Usually by this time of year school districts in Kansas know how much money they’re going to get for next year and they can spend the summer working on a detailed budget.
This is not any year.
The legislature is nowhere near passing a budget and last week a court held a hearing on a lawsuit that may toss out what lawmakers do anyway.
At that hearing Deputy Education Commissioner Dale Dennis, perhaps the leading expert on school finance in Kansas, testified that all school districts will lose some funding under block grants.
This leaves many Kansas districts in a lurch, including Louisburg, a district serving about 1,800 south on 69 Highway in Miami County.
We spoke to Superintendent Brian Biermann, in his first year as a superintendent, about the uncertainty and how the new block grant funding is effecting his district.
What's the biggest concern for you about block grant funding?
"The major for Louisburg, and I believe for many districts with the block grant because of the reduction of state aid, would be the potential that the mill rates for out local school districts are going to have to increase at the local level. And no one wants to do that. We want to be mindful of our taxpayers especially here in Louisburg. Our local community supports us a great deal."
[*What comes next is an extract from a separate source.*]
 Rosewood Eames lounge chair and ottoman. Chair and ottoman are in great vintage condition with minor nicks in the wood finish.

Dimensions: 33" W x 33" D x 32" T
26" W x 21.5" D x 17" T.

So am I hearing you say that you're going to be able to get by without laying off teachers, without cutting programs because you've got room to raise the mill levy enough to keep yourself whole?
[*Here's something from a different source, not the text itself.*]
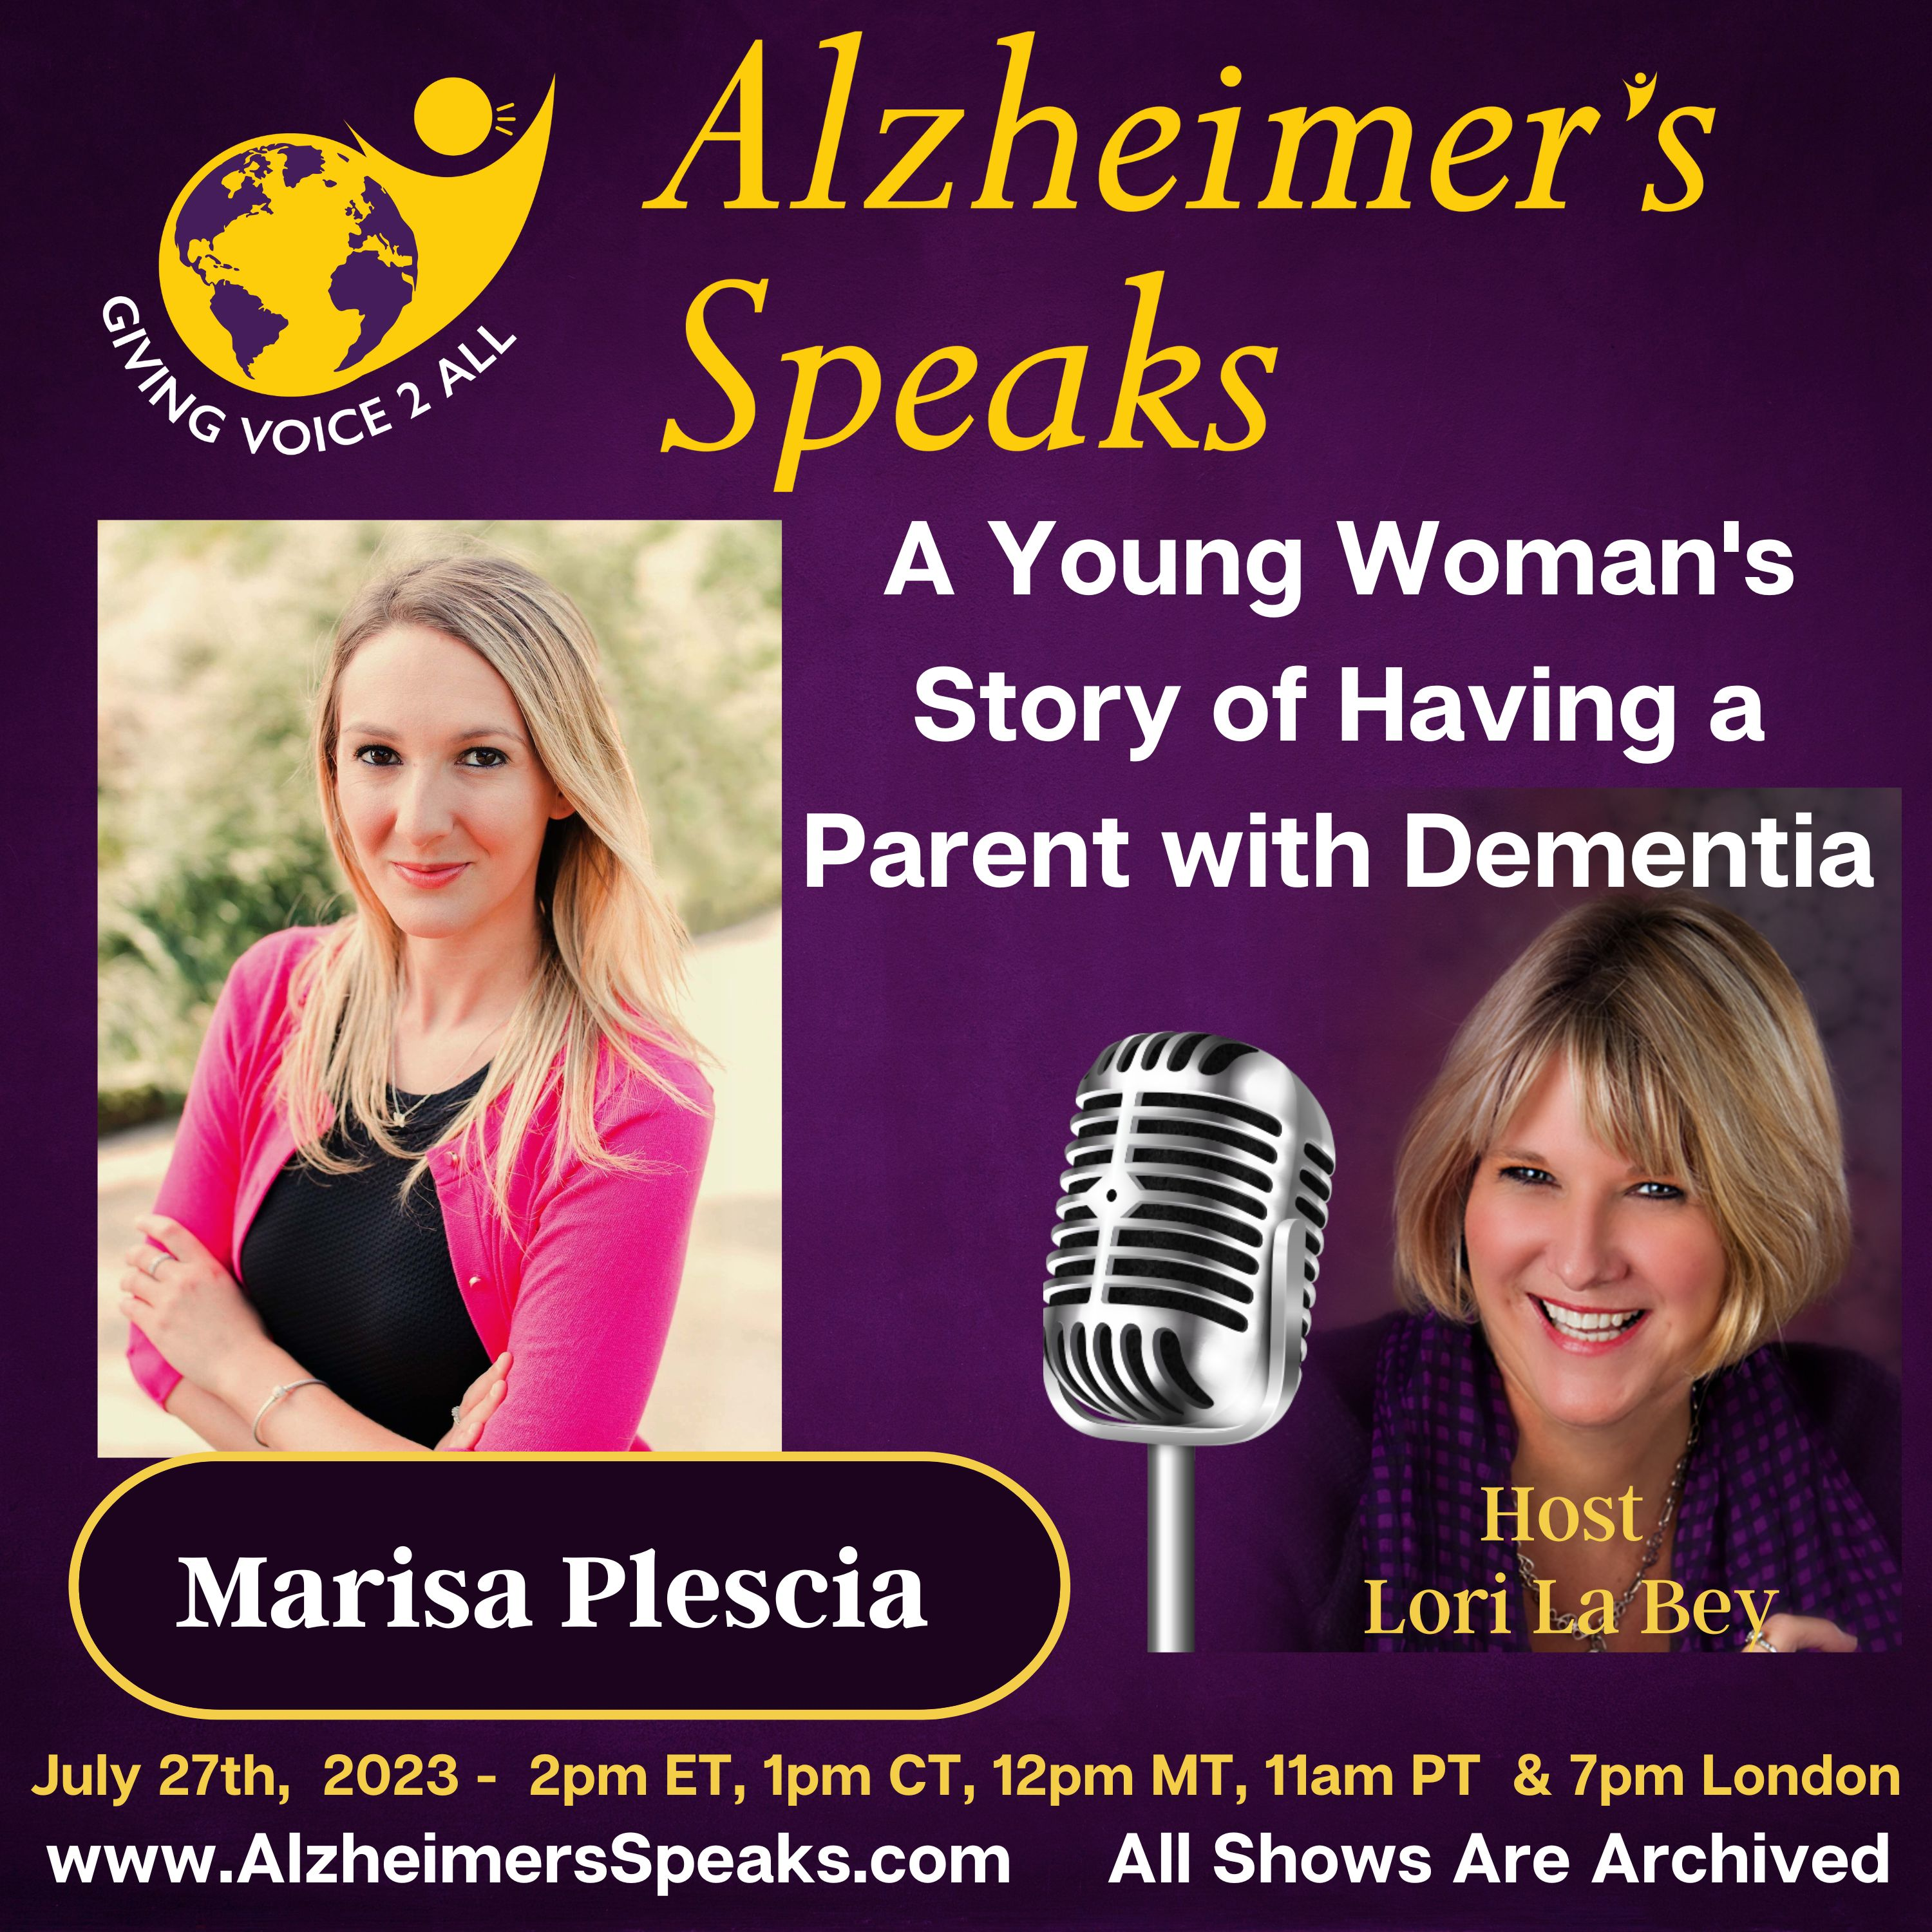 A Young Woman's Story of Having a Parent with Dementia

"Yes. So as we set the budget and look at that next year we're going to be mindful of a drastic hike. You know, local option supports transportation, technology, school supplies, text books, uniforms, utilities. Really the essentials, the backbone of school funding."
But it's fair to say that the next couple of years as you work through these block grants, and nobody knows what comes after that, it's going to be a little tight down there?
"It's been tight. We currently have a contingency fund, which in schools is like a savings account, of $153,466. That's very low. It probably should be three or four times that high. If we had a couple of back-to-back things go wrong. Yes we have insurance but many districts, Louisburg as well, have raised the deductibles to keep the premiums from going up. We have to pay $50,000 out of pocket to even have an insurance claim. Well, $50,000 is one-third of my contingency if something bad happens. And our good folks who work for us, from teachers to support staff to administrators, going into next year they haven't had a raise in four years. So there's some troubling things that, yes, keep me up at night and making me lose my hair quicker than I want to."